Pages

Wednesday, 10 May 2017

If you’re trying to make a problem worse, I have trouble believing you when you say you’re solving it.

The New York Times recently published an op-ed arguing that all economic problems with abortion can be solved with private charity. It should be obvious to anyone paying attention how false that is.  It’s nice that, in the course of lying to you about breast cancer and depression and withholding your test results, a crisis pregnancy center might also hook you up with a low-cost car or help you with utility bills. But that only scratches the surface of the economic issues–everything from life-long medical costs from pregnancy complications to lower earning potential as someone with a kid to take care of. Crisis pregnancy centers frequently stop helping women as soon as they can’t obtain a legal abortion.  They’re certainly not going to help with daycare costs when the kid you didn’t abort is five, or help you out with the cost of insulin for the next twenty years if gestational diabetes never goes away.

It occurred to me that crisis pregnancy centers are, as far as I’m aware, the only charities working on an issue who are actively trying to make sure more people need their services. Every other organization at the front lines of addressing a problem at least encourages measures that would prevent the problems they address in the first place. Animal rescue groups hold free spay and neuter clinics and encourage people to get their pets fixed. Groups who help homeless people find places to stay are also often trying to address substance abuse, mental illness, and economic issues.  And you won’t see crisis hotlines for LGBT kids saying, “Sure, go ahead & reject your kids for being gay! We’ve got this covered.”

Crisis pregnancy centers, in contrast, actively oppose measures that would result in fewer unplanned pregnancies. The author of the NYT Op-Ed wrote an abstinence-only “sex ed” curriculum—the very kind that drives up teen pregnancy rates. Additionally, by trying to make abortion illegal, they’re looking to massively increase the number of people who need their assistance.

There were about 660,000 abortions reported to the CDC in 2013, and there are between 2300 and 3500 crisis pregnancy centers. Divided evenly, that’s a couple *hundred* additional people in need of help per clinic per year, without even counting the increased abortions if schools that are currently teaching medically accurate sex ed switch to abstinence only.
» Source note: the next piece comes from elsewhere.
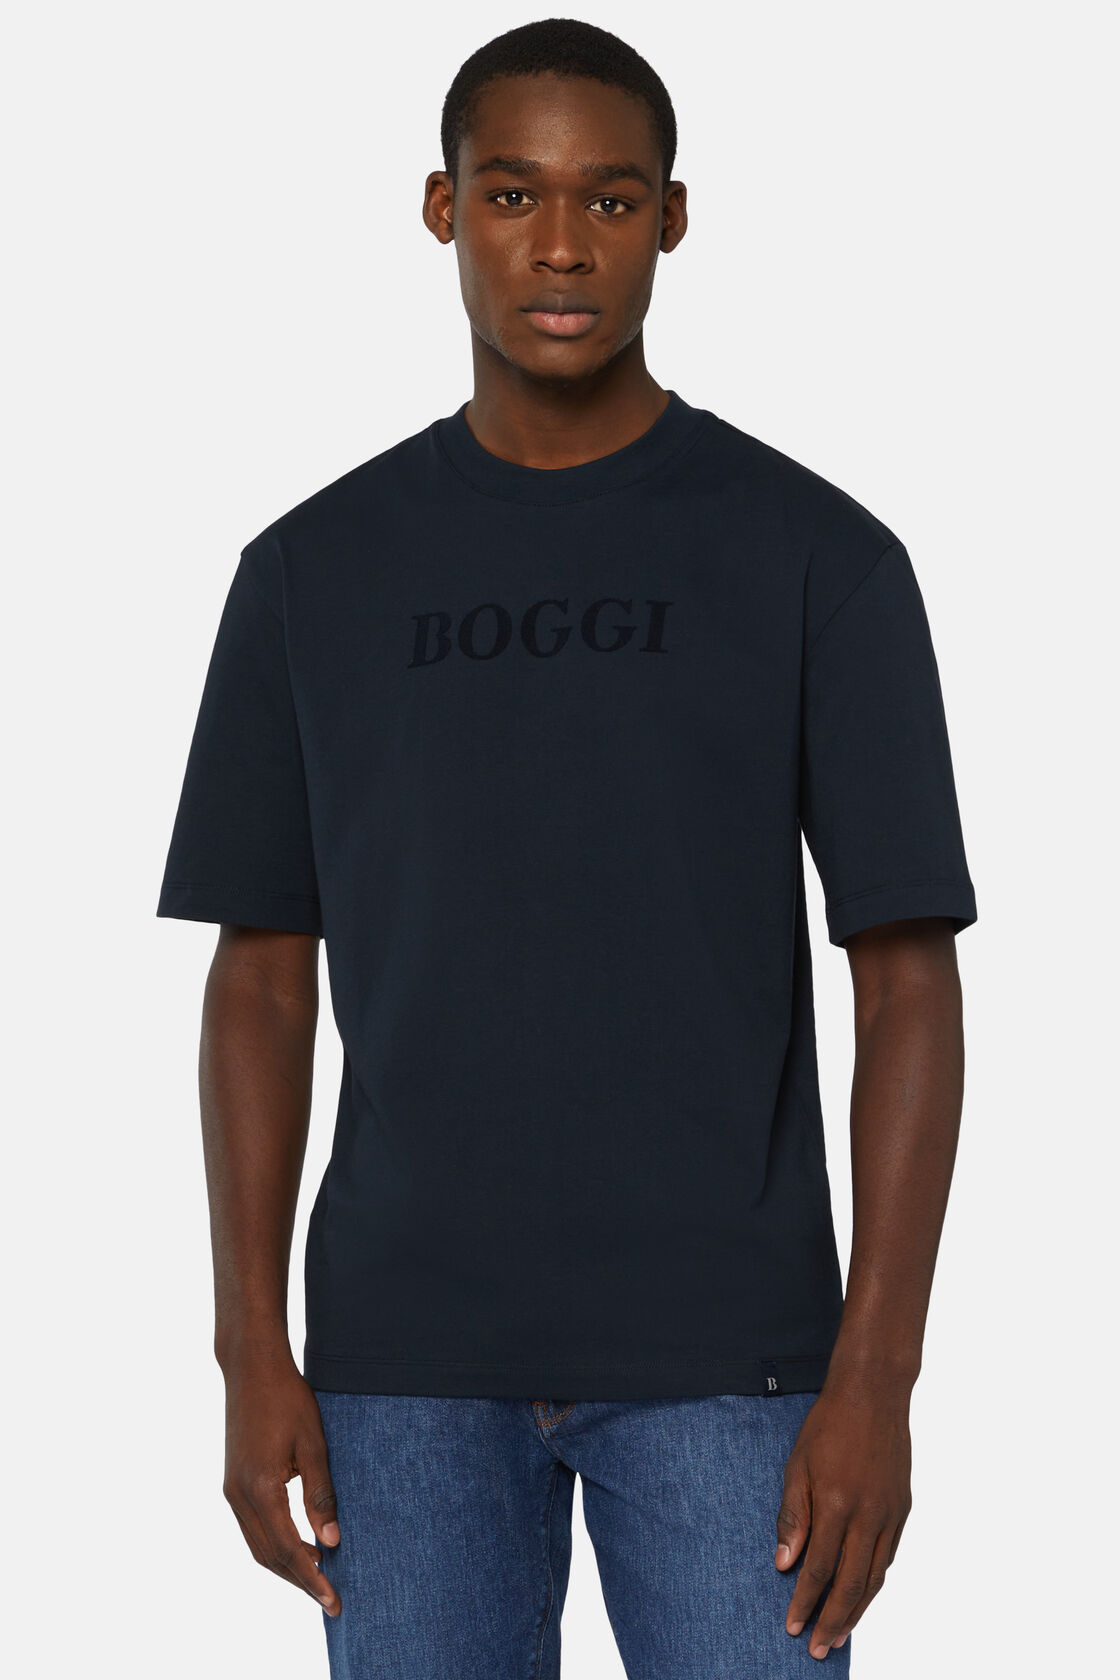 Camiseta De Algodón, Azul  Marino, hi-res

An American Independent article lists some statistics on the number of people seen by crisis pregnancy centers. According to the Family Research Council, approximately 230,000 ultrasounds were performed at a thousand centers, 230 per clinic.  Even if those centers only did ultrasounds for *half* of the pregnant people they see, providing services for the 650,000 people who currently have abortions would be a 50% increase.

Any other charity might panic at the idea of 50% more people needing their help.  Ask a homeless shelter to add 50% more beds or a cancer treatment center to see 50% more patients, and they’ll be frantically trying to figure out where the money, staff, and resources will come from. But a CPC’s apparent response is a shrug and a blithe “We got this.”  The op ed doesn’t mention any such numbers, or any concrete plans for how the author’s organization would handle such an increase, only the vague generalization that conservatives “must sacrifice their time and treasure to serve women in need”. It’s worth mentioning that this sacrifice of time and treasure is totally voluntary, with no guarantee it’ll actually happen if abortion rights disappear.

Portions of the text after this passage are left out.